La cafetería del Albert and Victoria Museum, de Londres.
Entramos en un museo. Queremos ver cada una de sus piezas. Estamos un buen rato delante de ellas. Como si quisiéramos captar su esencia. Sus esencias. Y llevárnoslas con nosotros a casa.
En la maleta.
En la retina.
En el cerebro.
En esa vieja maleta que es nuestra memoria. La de cada uno. No la colectiva.
Algunos museos nos ofrecen cafeterías para que el ojo se relaje, descanse, y deje de mandarle al cerebro mensajes de mareo y estupor. Para que el viajero se reponga del mal de Stendhal. Ese síndrome que no afecta a las hordas de turistas-coleccionistas de imágenes, pero sí a los viajeros que viven cada segundo del viaje. A los que quieren guardar para siempre la esencia de cada momento.
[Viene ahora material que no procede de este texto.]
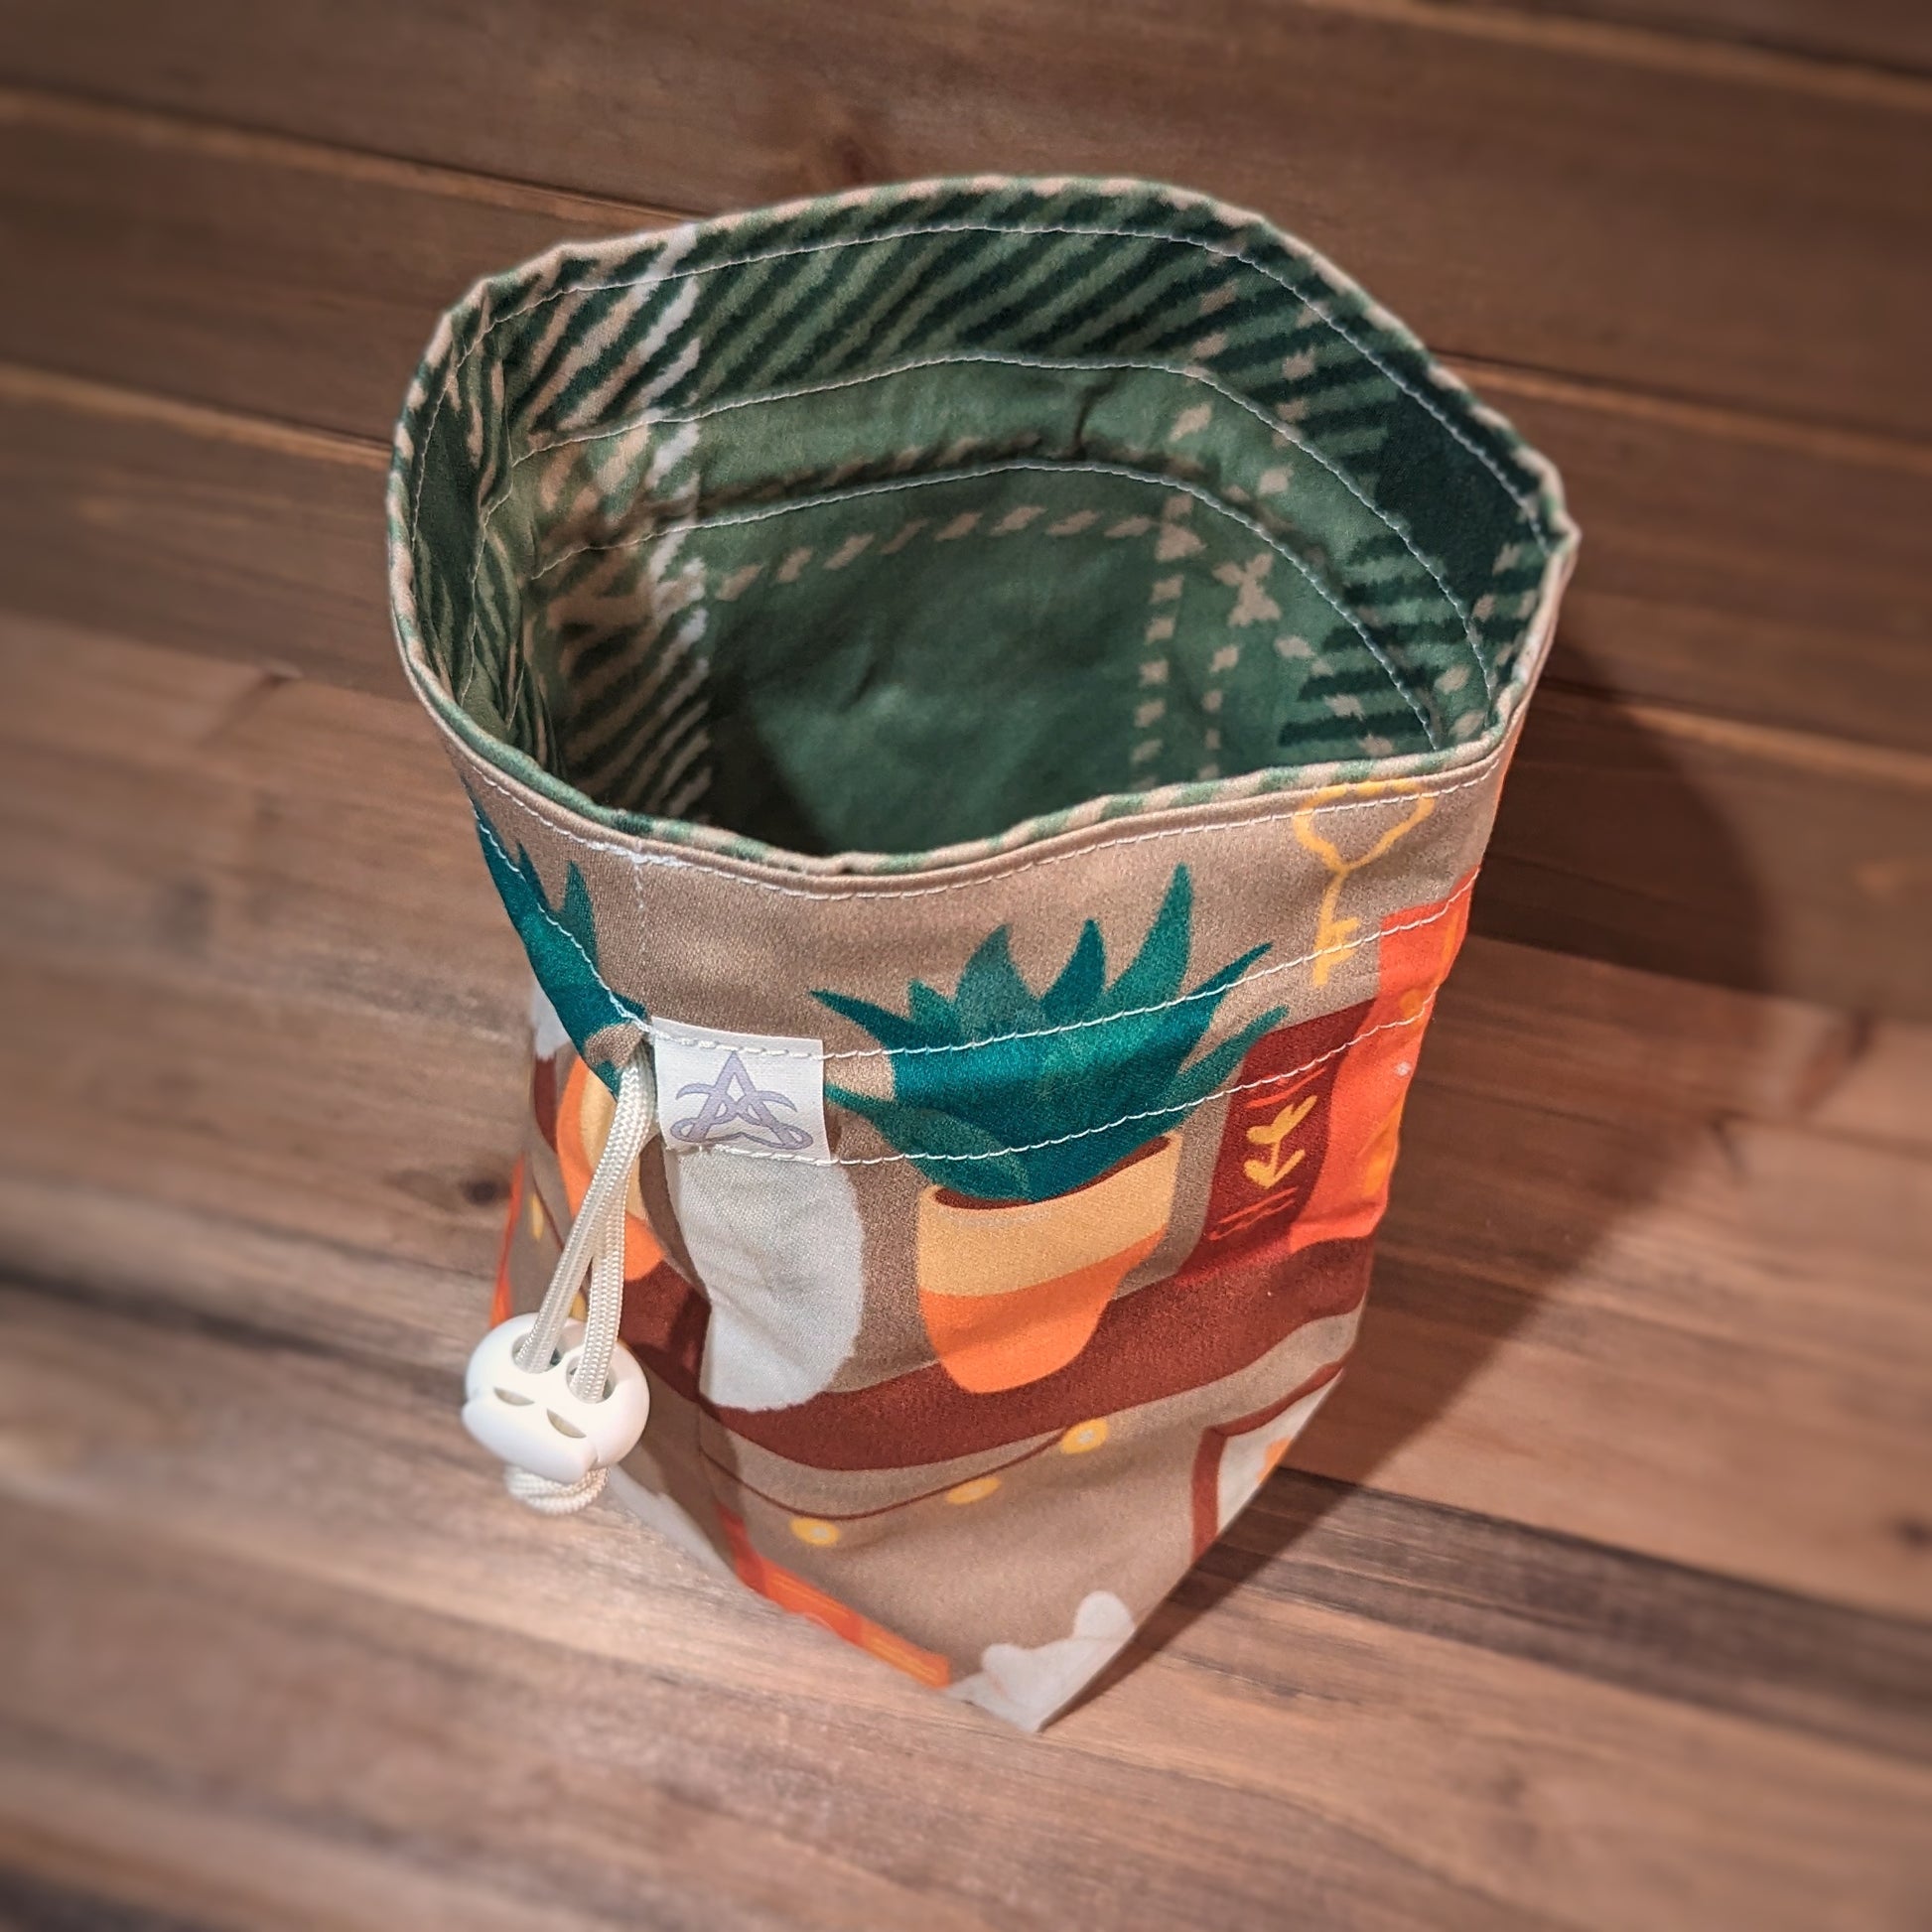 An orange, brown, yellow, and green bookshelf with white cats and potted plants is printed outside a drawstring bag with white stitching and drawstring and a green and cream plaid liner.

Y claro, se marean. Nos mareamos. Porque nuestro oxígeno se va hacia un lado y el resto del cuerpo protesta.
Algunas cafeterías de museo están desnudas. En ellas el viajero reposa su caminar.
Otras son una continuación de las salas de exposición, y el ojo del viajero continúa recibiendo impresiones. Con ellas come scones y toma té. Las dibuja tranquilamente sentado, mientras se lleva la taza a los labios con la otra mano. El resto del público habla animadamente, de las piezas del museo, del viento que recorre las calles de la ciudad, de la vecina recién divorciada, o de los dos gatos de cuñado que rompen la tapicería del sofá.
Y del museo.
Me gusta sentarme, tomar el té con scones, dibujar en mi cuaderno y escribir las sensaciones del museo, de la ciudad, de la cafetería.
El círculo que se cierra y se abre al mismo tiempo.
Como en el cerebro, de donde entran y salen a la vez las mismas impresiones.
Ese mareo eterno.
Stendhal.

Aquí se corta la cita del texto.